Ray Perryman, guest column / Waco Tribune

The Texas Transportation Institute reports that motorists in the nation’s largest 75 metropolitan areas spend approximately 62 hours stuck in traffic a year — equal to around one and a half working weeks. 

How to ease the gridlock? With no appetite to increase the gasoline tax, the federal government is not likely to provide any major infusions. That leaves toll roads and public-private partnerships, which a vocal minority opposes.

The 80th Legislature gave clear indication that Texas’ transportation problems need to be fixed sooner rather than later. 

The Texas Department of Transportation is already at work discussing and planning some 87 projects with regional mobility authorities and county leaders. However, funding for most of them is still in the future. To speed up the process, a few of the most pressing projects prudently are proposed as toll projects. 

Gov. Rick Perry recently signed a compromise bill on toll roads that was in response to foes of the proposed Trans-Texas Corridor (TTC).

The law places a two-year moratorium on most privately developed toll roads in Texas.  However, it does not affect the six construction projects currently being coordinated by the Harris County Toll Road Authority, and it allows projects in the pipeline for Dallas-Fort Worth to proceed. 
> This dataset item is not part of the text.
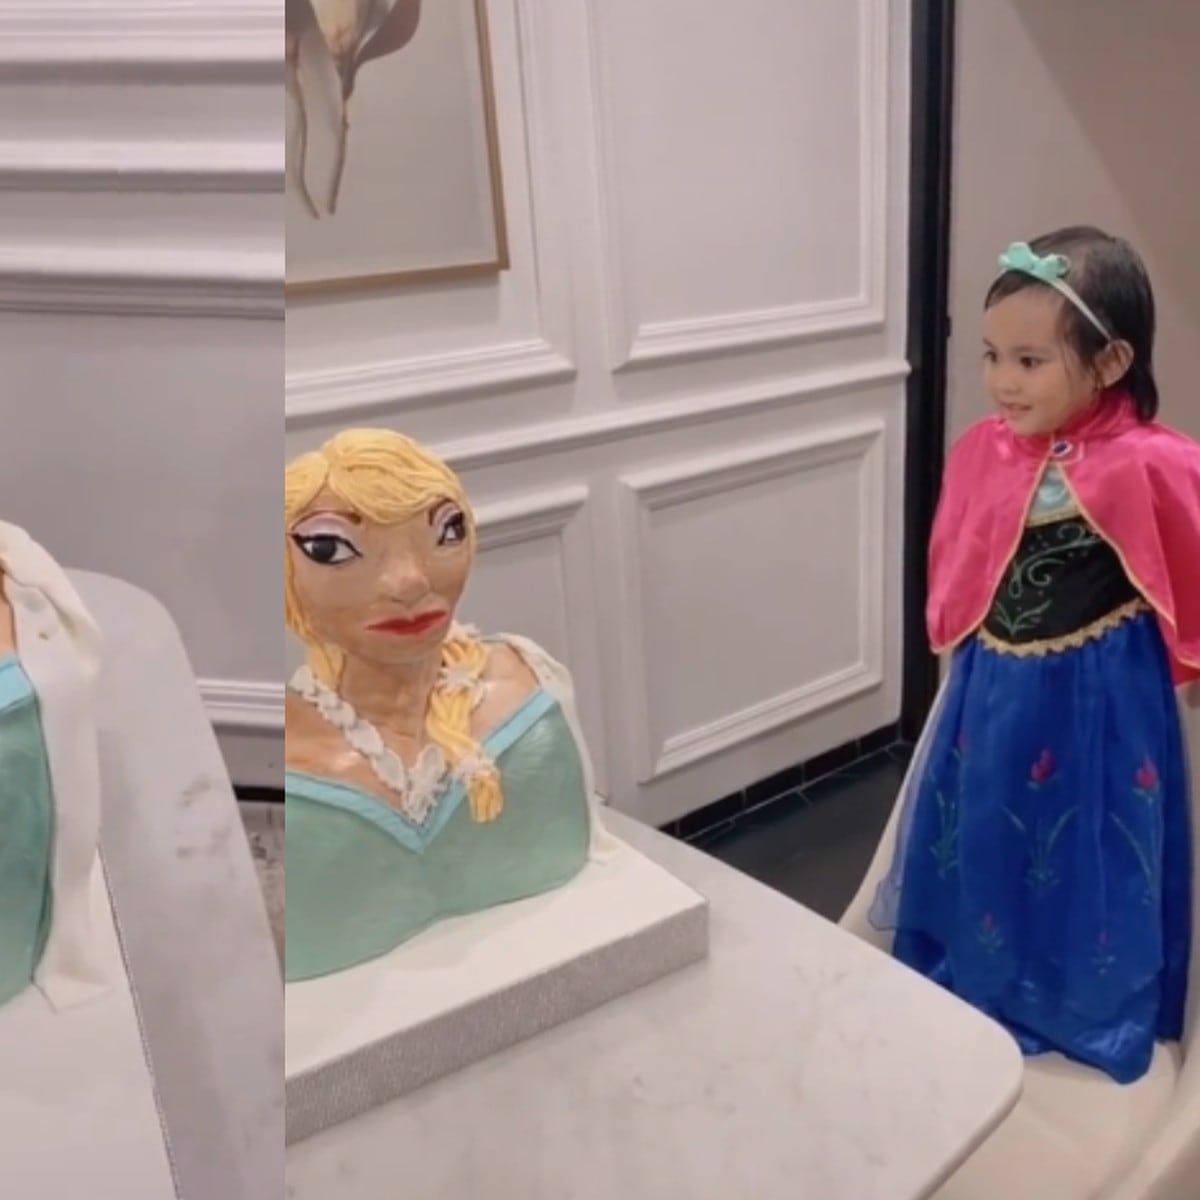 Niña recibe un pastel bien gacho de 'Frozen' y su reacción se hace viral

The moratorium doesn’t halt the proposed TTC, but no dirt will be moved as a part of this enterprise for two years. The time will be spent for studies and expanded preparation. 

The TTC will improve efficiency, reduce transportation time and costs, help expand intrastate trade and strengthen the position of Texas as a site of corporate operations and expansions. Delaying it will cost the state’s economy millions of dollars per year. 

As for the system in place: In the absence of new revenue designated for roadway construction, it is possible that tax resources might have to be shifted from new construction to maintenance to prevent further deterioration of highways.

From 1990 to 2000, the total miles of U.S. highways remained virtually unchanged, but the total number of miles vehicles traveled jumped more than 75 percent. 

According to state transportation officials, an additional $6.3 billion in Texas is needed just in preventative maintenance.

For each $1 spent that way, the state estimates that some $4 is saved over the life of the highway.

So Texas must be flexibile. In solving traffic congestion in Texas, careful consideration should go to the social, legal, environmental, economic and political costs and benefits. No one factor should dominate the process, and no single approach is the answer.

Economist Ray Perryman is CEO of the Perryman Group. He also serves as distinguished professor of economic theory and method at the International Institute for Advanced Studies.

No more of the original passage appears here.